All lines below between the line with "Beach wedding in Santorini" and the line with "Спрей для горла с", including both, must be copied exactly, and the pictures must be omitted.
━━━ PROVIDED INFORMATION ━━━
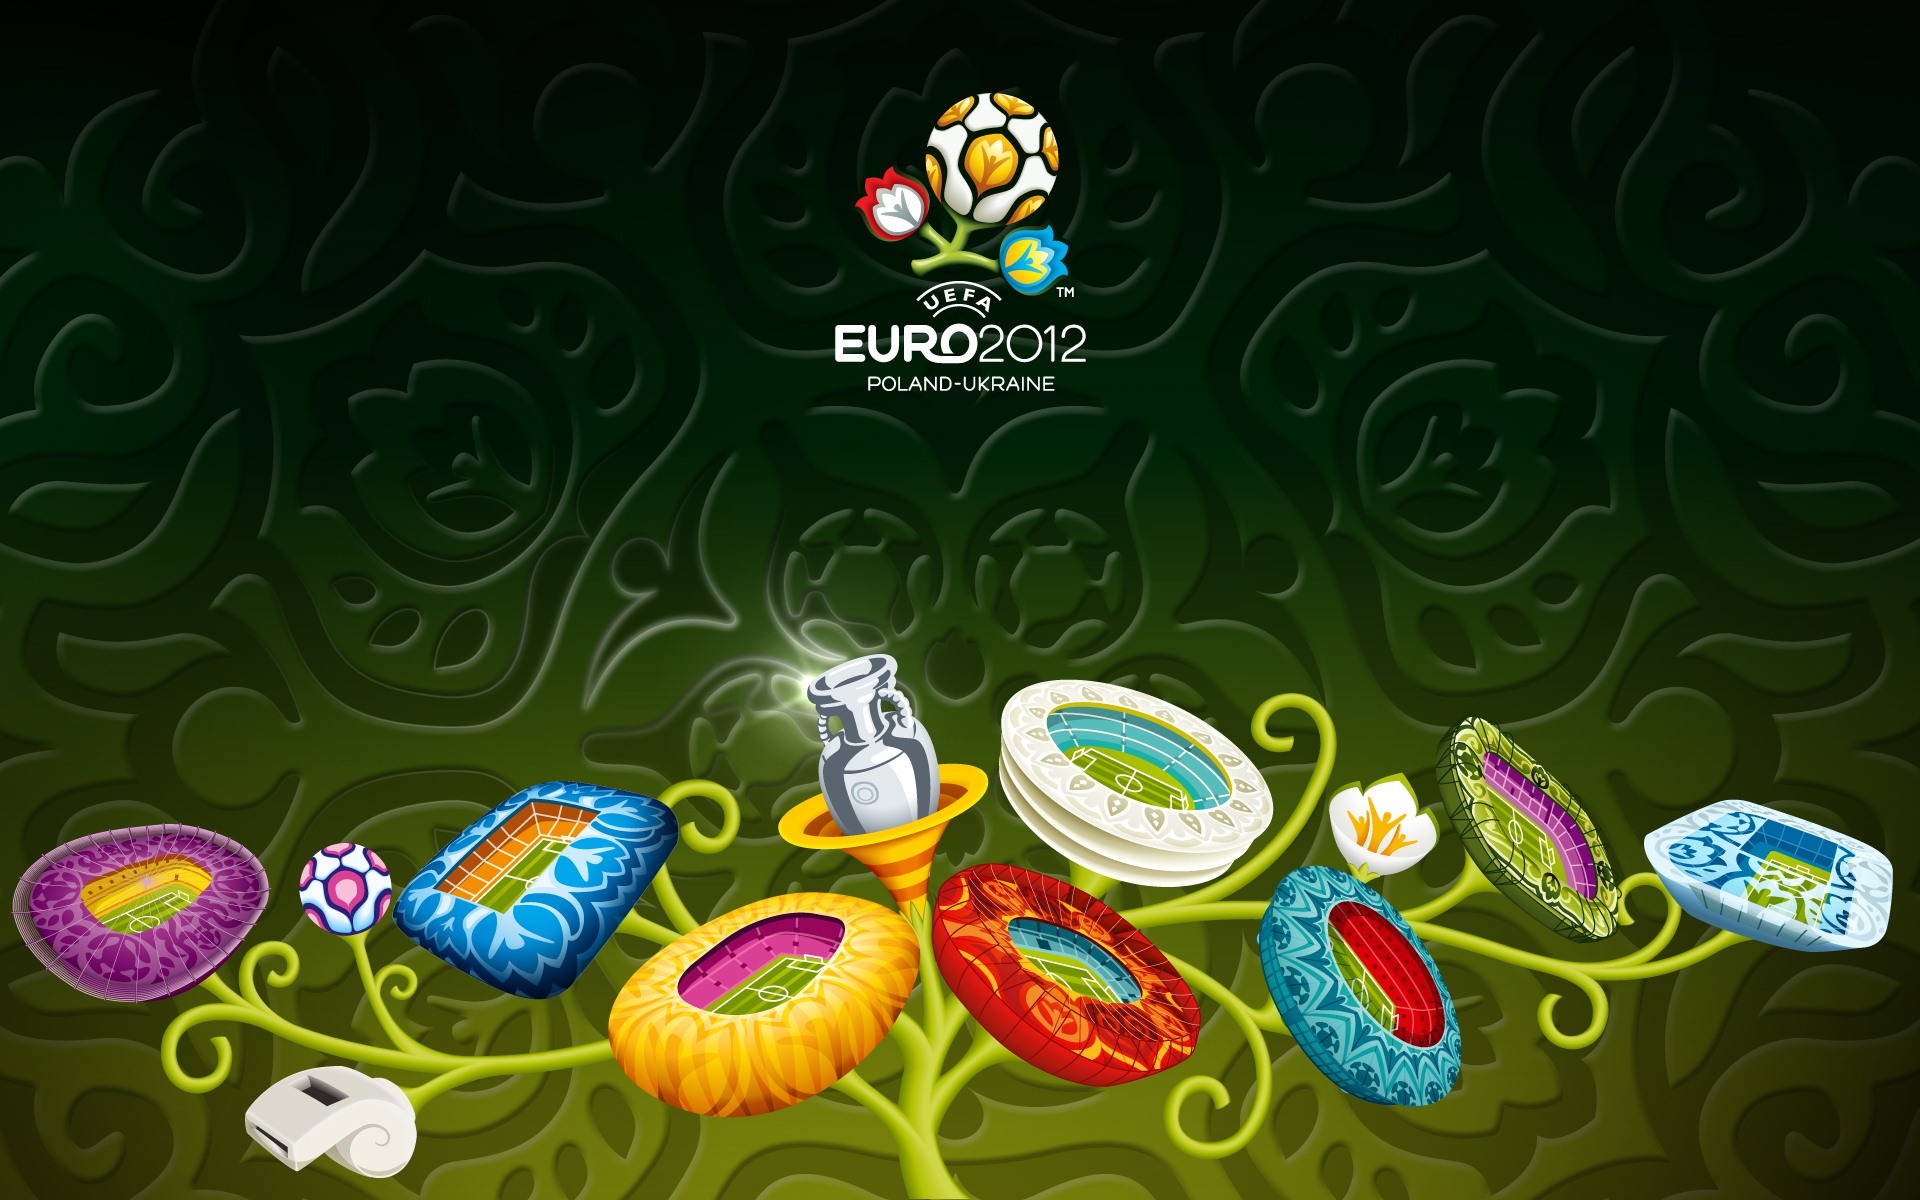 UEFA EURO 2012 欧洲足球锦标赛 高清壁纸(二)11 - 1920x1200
━━━
━━━ PROVIDED INFORMATION ━━━
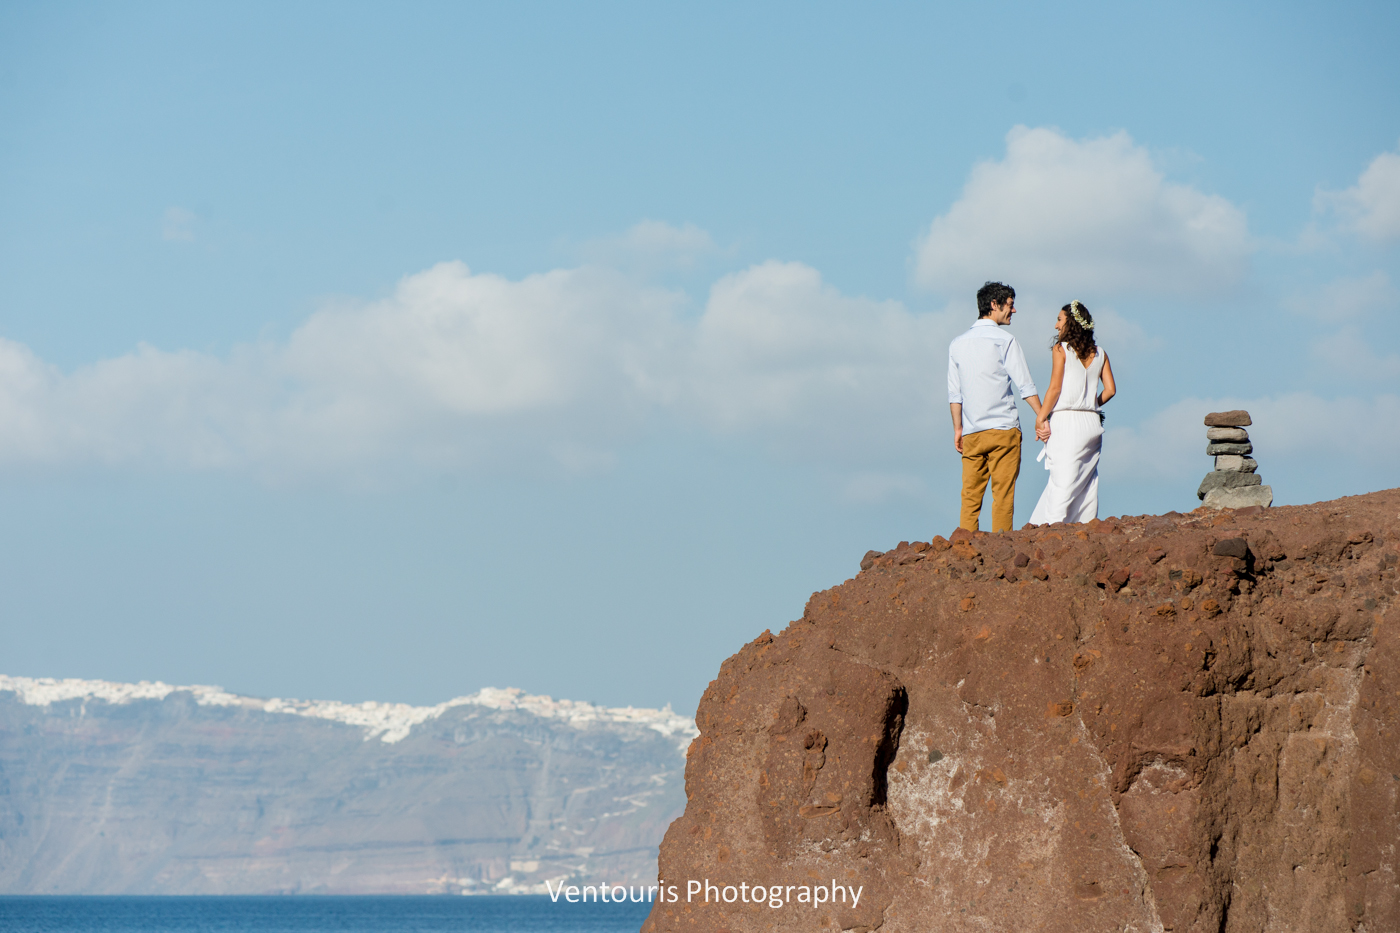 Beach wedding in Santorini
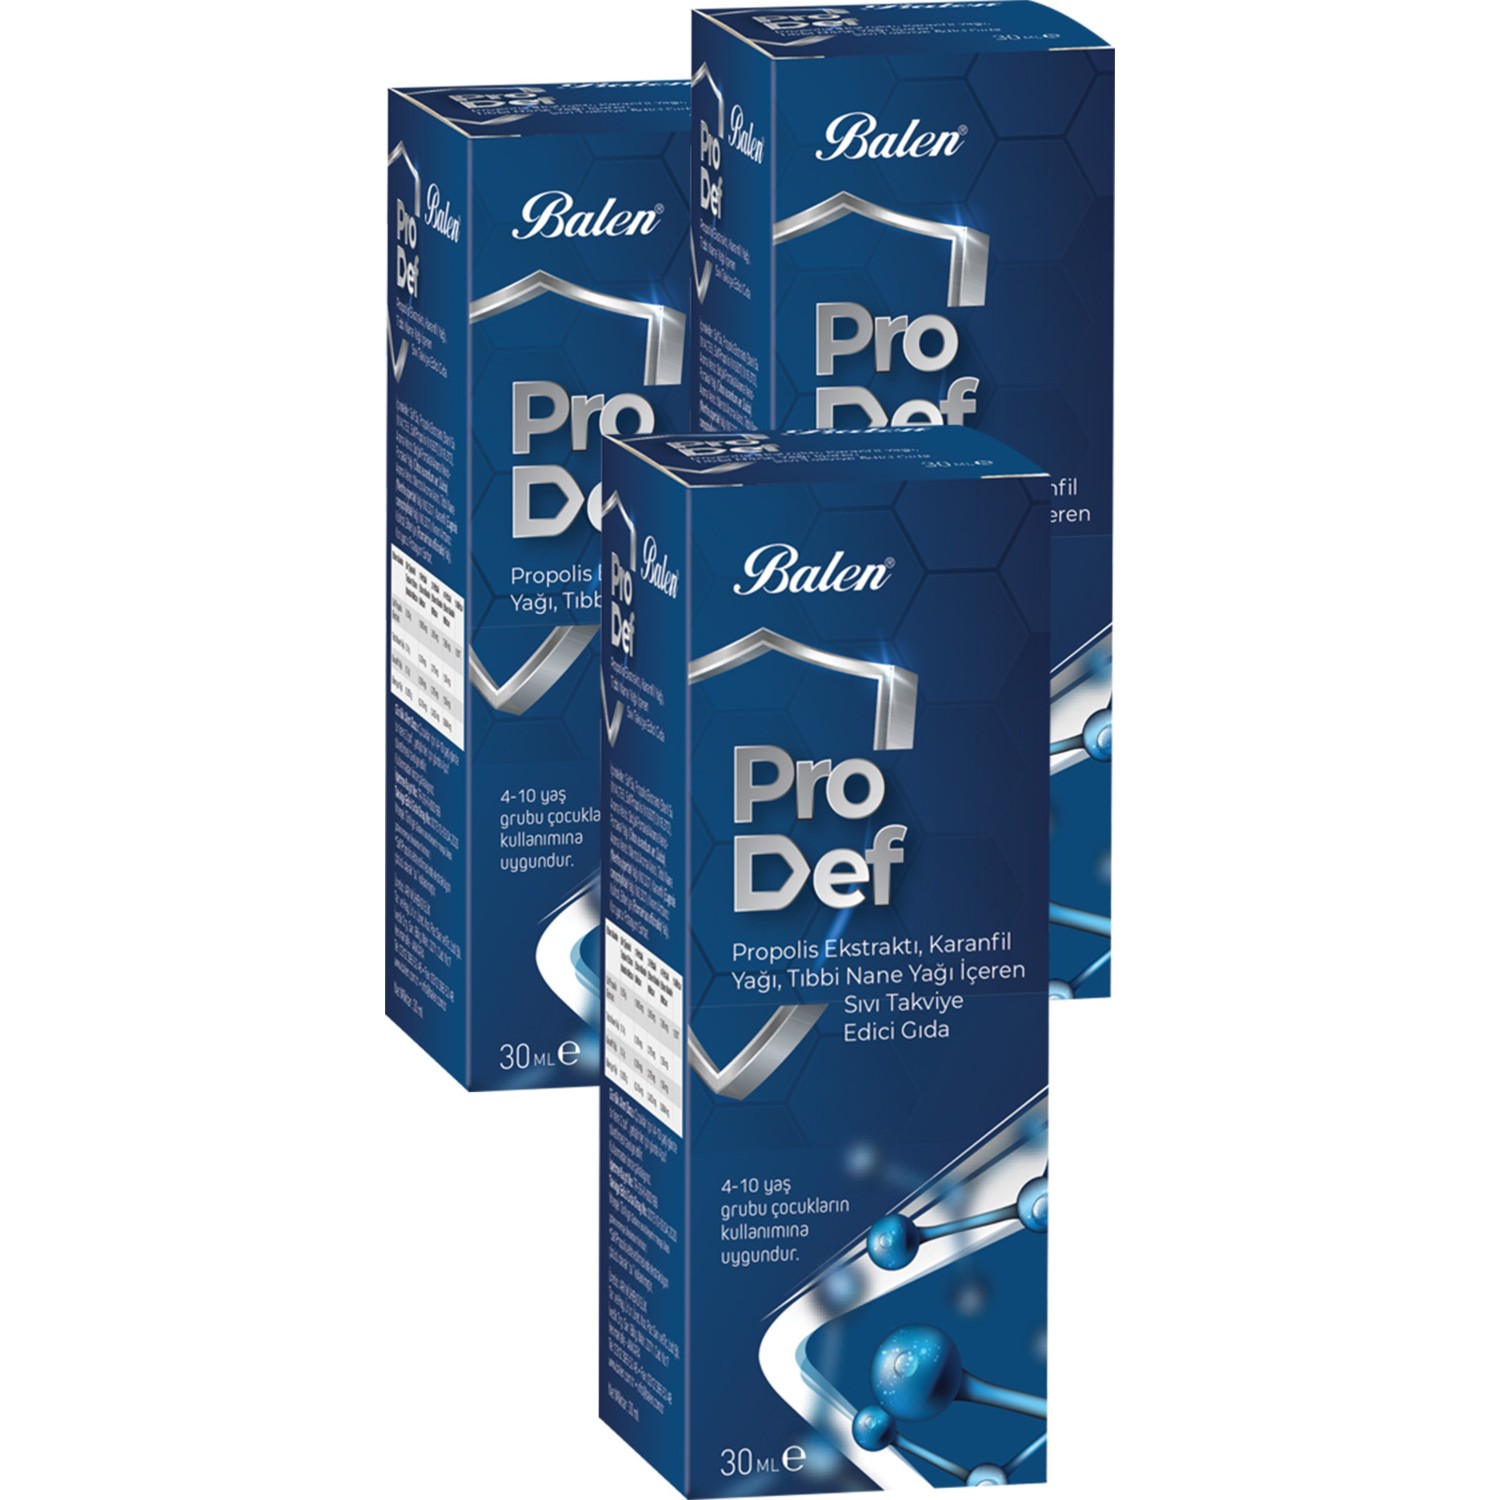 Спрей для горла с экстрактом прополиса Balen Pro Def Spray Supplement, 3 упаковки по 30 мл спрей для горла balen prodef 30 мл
━━━
━━━ PROVIDED INFORMATION ━━━
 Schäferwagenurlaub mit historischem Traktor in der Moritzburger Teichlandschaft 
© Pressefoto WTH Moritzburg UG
━━━
## [EXERCISE RESULT]
 Beach wedding in Santorini
 Спрей для горла с экстрактом прополиса Balen Pro Def Spray Supplement, 3 упаковки по 30 мл спрей для горла balen prodef 30 мл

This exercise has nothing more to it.